WMEX-LP
- Rochester, New Hampshire; United States;
- Frequency: 105.9 MHz
- Branding: 105.9 WMEX

Programming
- Format: Oldies

Ownership
- Owner: Rochester Radio

History
- First air date: 2014
- Former call signs: WMVI-LP (2014)
- Call sign meaning: Tribute to WMEX in Boston

Technical information
- Licensing authority: FCC
- Facility ID: 195604
- Class: LP1
- ERP: 27 watts
- HAAT: 57 meters (187 ft)
- Transmitter coordinates: 43°17′7.3″N 70°56′27.2″W﻿ / ﻿43.285361°N 70.940889°W

Links
- Public license information: LMS
- Webcast: Listen live
- Website: 1059wmex.com

= WMEX-LP =

WMEX-LP (105.9 FM, "105.9 WMEX") is a radio station licensed to serve the community of Rochester, New Hampshire. The station is owned by Rochester Radio and airs an oldies format.
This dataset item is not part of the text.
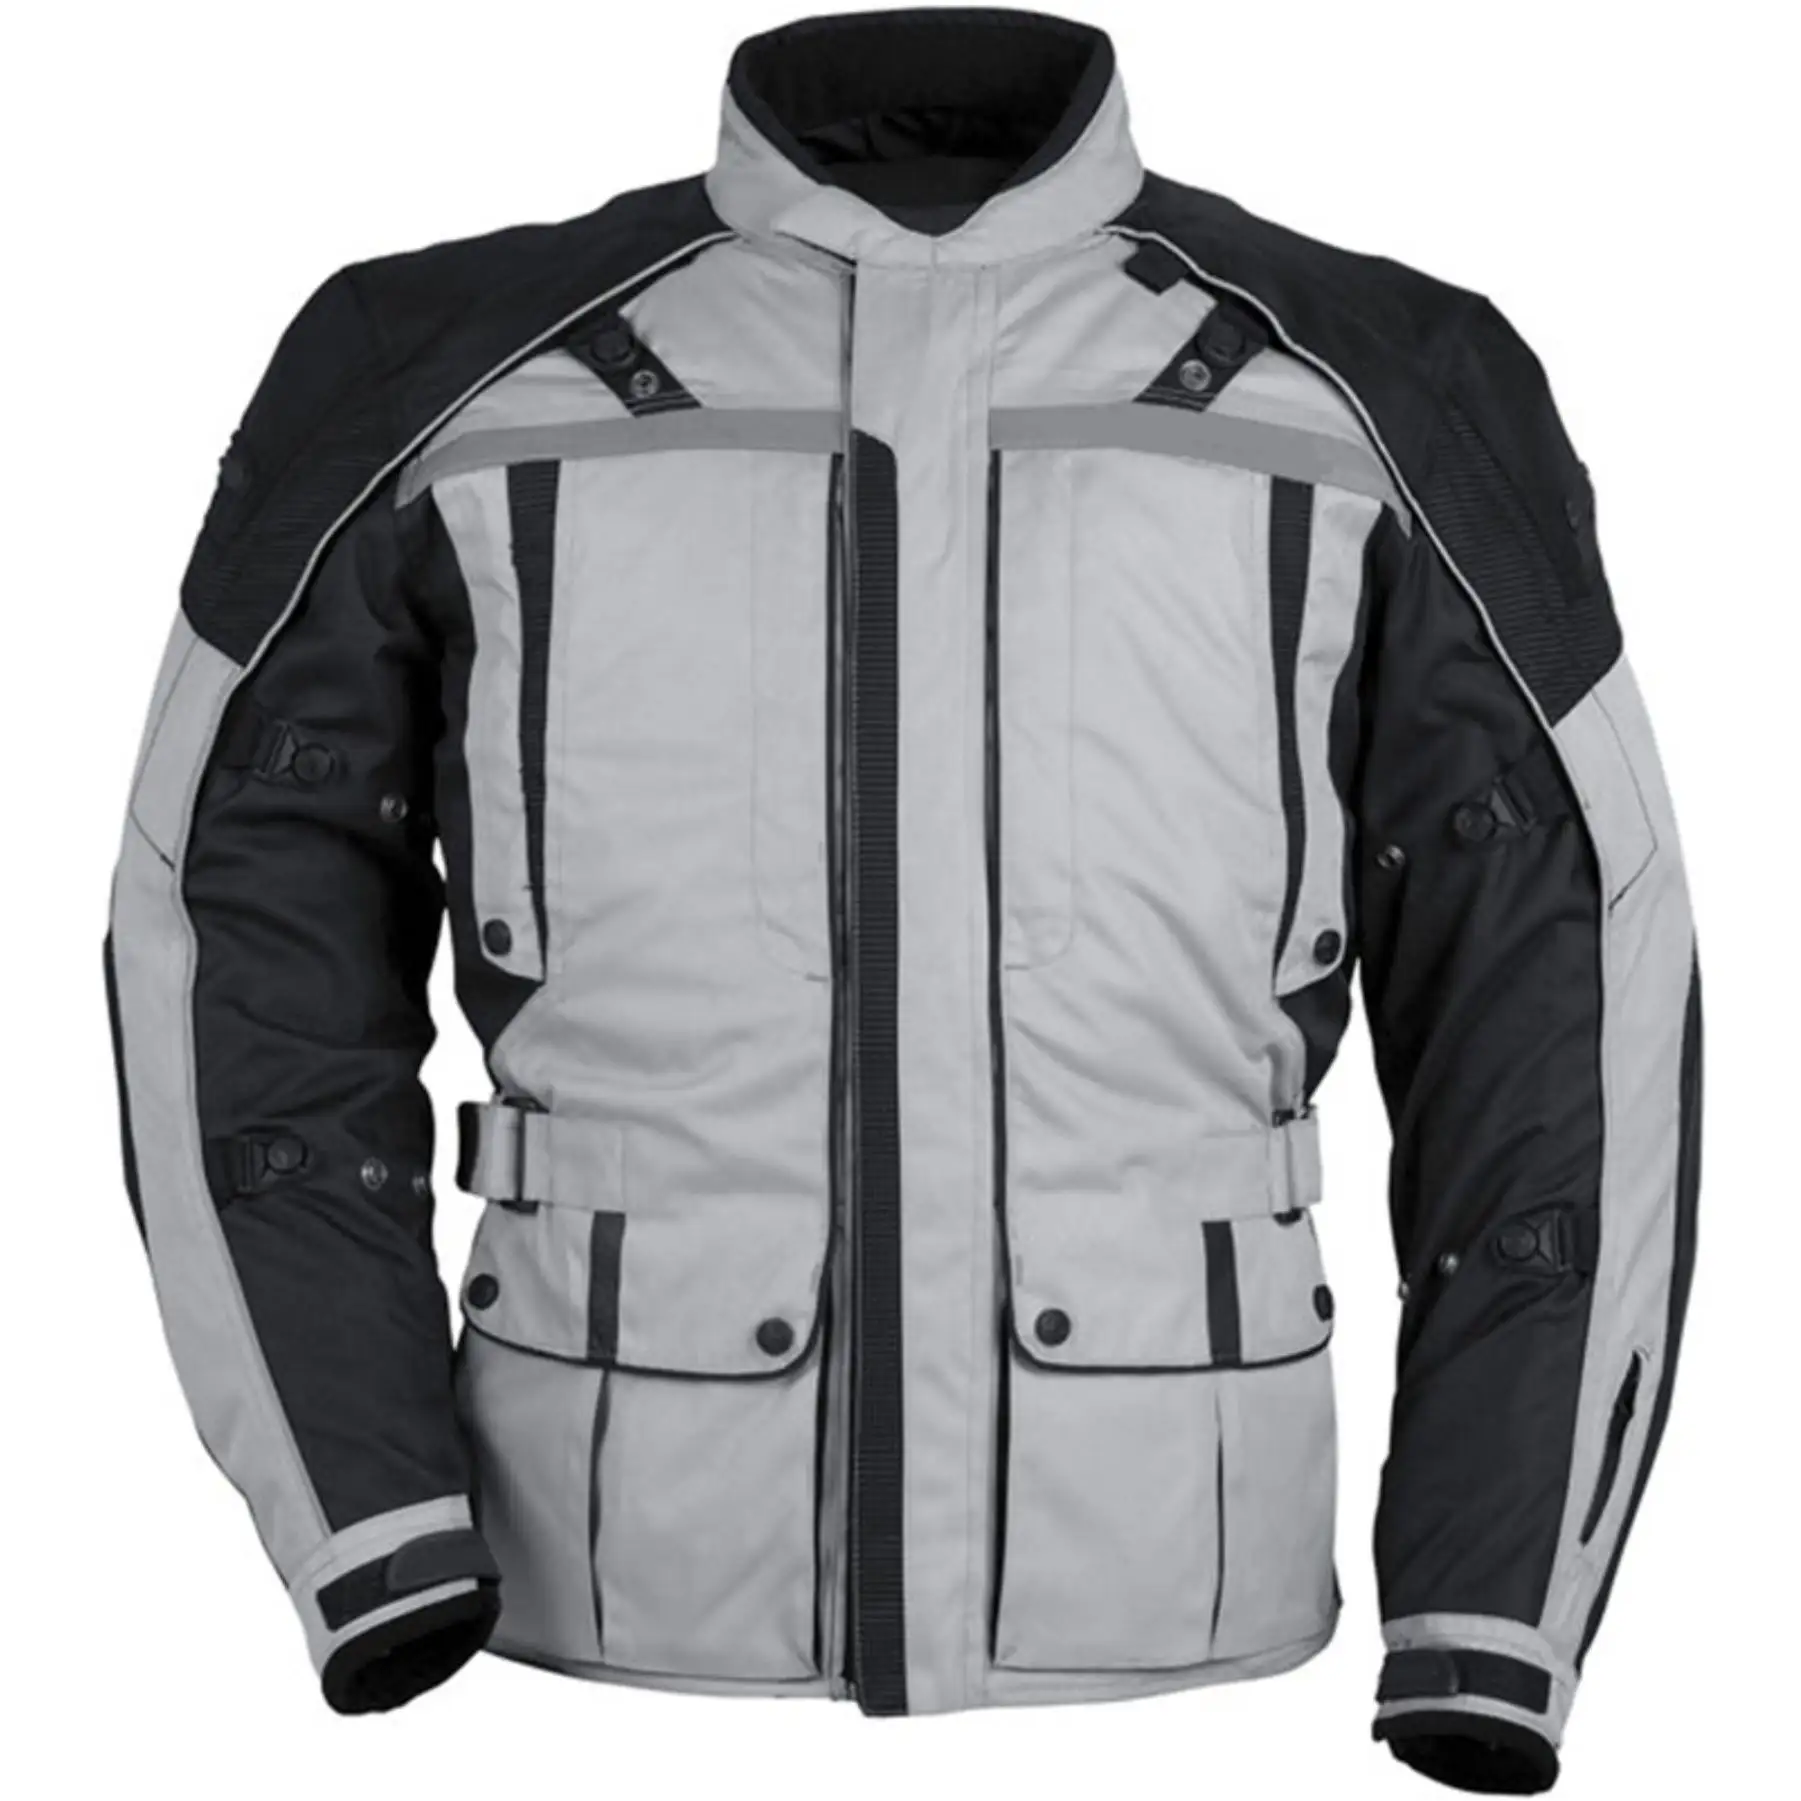 Motosiklet sıcak tekstil yarışı Cordura ceketler motosiklet ve oto yarış Cordura 600D özel takım adı özel istek baskı

The station was assigned the call sign WMVI-LP by the Federal Communications Commission on May 20, 2014. The station changed its call sign to WMEX-LP eight days later in a partial swap with WMEX (88.7 FM) in Edgartown, Massachusetts; the new low-power FM station would be run by Gary James as a revival of the oldies format formerly heard on WMEX (106.5 FM) in Farmington (James had been that station's general manager), itself a tribute to WMEX (1510 AM) in Boston.